Vas-y Poupou ! Et Poupou faisait un signe de la main. Merci les gars, merci pour la fidélité ! Une vie entière à être encouragé. 

Vas-y Poupou ! Vas-Poupou ! Par tous les temps, toutes les météos, sous le soleil qui frappe, la pluie qui tombe, la grêle qui transperce. 

Vas-y Poupou ! Vas-y Poupou ! Sur toutes les étapes, celle des cinq cols entre Briançon et Aix-les-Bains, au sommet du Puy-de-Dôme, dans l’ascension du col d’Aspin et sur le Paris-Nice, l’ultime étape, Nice-Col d’Eze quand le vieux Poupou de 36 ans s’envole et relègue le jeune belge de 27 ans Eddy Merckx à 22 secondes…

Vas-y Poupou ! Vas-y Poupou ! T’es le meilleur même quand t’es pas le meilleur. On parle de Merckx mais bien sûr le complice concurrent, l’adversaire acolyte, le faux-ami, le meilleur ennemi, c’est Anquetil, le flambeur, la Caravelle, le Chrono, le Maître, l’alter-ego. L’époque était binaire. La gauche, la droite. De Gaulle-Mitterrand. Bourvil-de Funès. Sheila-Sylvie Vartan. Roger Pierre et Jean-Marc Thibault. Poiret et Serrault. Antoine ou Johnny Halliday. Les temps sont devenus plus confus.

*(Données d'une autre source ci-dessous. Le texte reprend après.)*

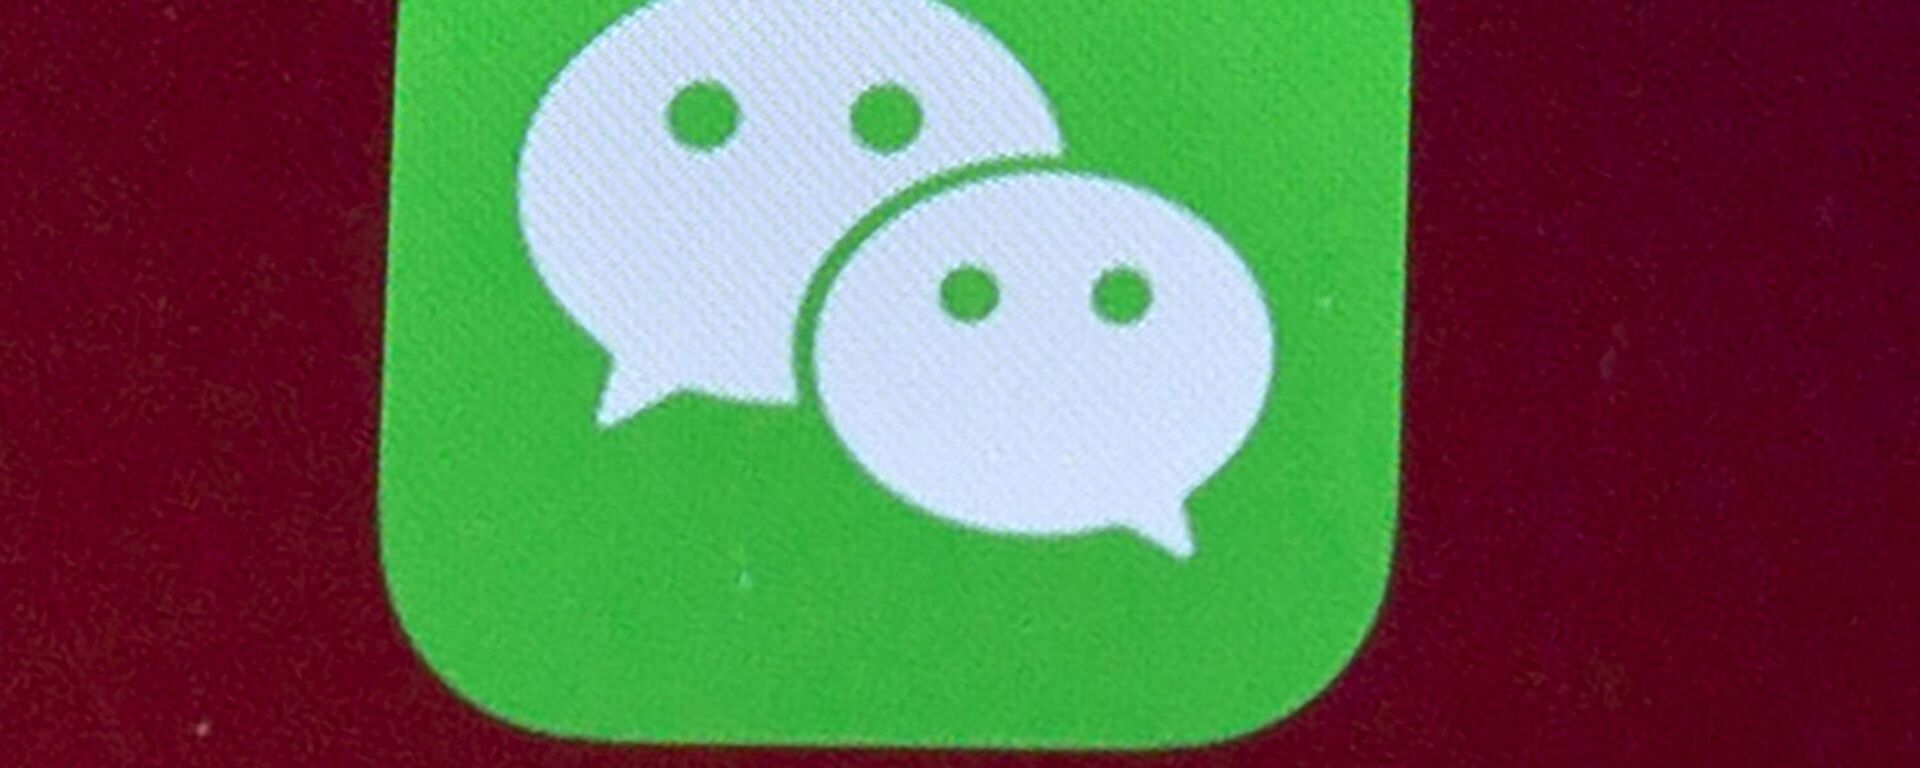 Icons for the smartphone apps WeChat are seen on a smartphone screen in Beijing, on Aug. 7, 2020.  The Justice Department is asking a judge to allow WeChat to be banned from app stores in the U.S., pending an appeal. In a Friday, Sept. 25, 2020 filing, the Justice Department requested U.S. Magistrate Judge Laurel Beeler in California put on hold a preliminary injunction issued Saturday.  - Sputnik International, 1920, 09.03.2021

Vas-y Poupou ! Vas-y Poupou !

C’est ce qu’on criait, à côté de mon père le 2 novembre 1969, lors du critérium de la ville de Flers de l’Orne et c’est encore Anquetil, le mal-aimé, qui avait gagné et Poupou, victorieux dans la défaite, qui était arrivé même pas second, mais troisième, juste derrière Raymond Delisle qui était un peu la vedette de l’étape vu qu’il était bas-normand, d’Ancteville dans la Manche, pas loin de Coutances et qui en 2013, est mort pas loin de Saint-Lô, justement à Hébécrevon. Hébécrevon, c’est peut-être pas ce qui peut arriver de pire à un cycliste. Mais ça peut faire perdre de précieuses secondes… Hébécrevon, c’est peut-être pas ce qu’il peut arriver de pire à un homme puisque faut bien y arriver.

Vas-y Poupou ! Eh ben, il a fini par y aller Poupou, comme les copains, comme tout le monde, comme Anquetil et Roger Pingeon, comme Gimondi et Luis Ocana,  comme Louison Bobet et Fausto Coppi… Oui, il a bien fallu qu’il finisse par y aller, Poupou, au terminus des prétentieux et des modestes.

Vas-y Poupou ! 

Et il y est allé Poupou, en prenant son temps, en musardant. « Qui aime bien ses lunettes ménage sa monture », comme disait Pierre Dac, une autre idole de papa.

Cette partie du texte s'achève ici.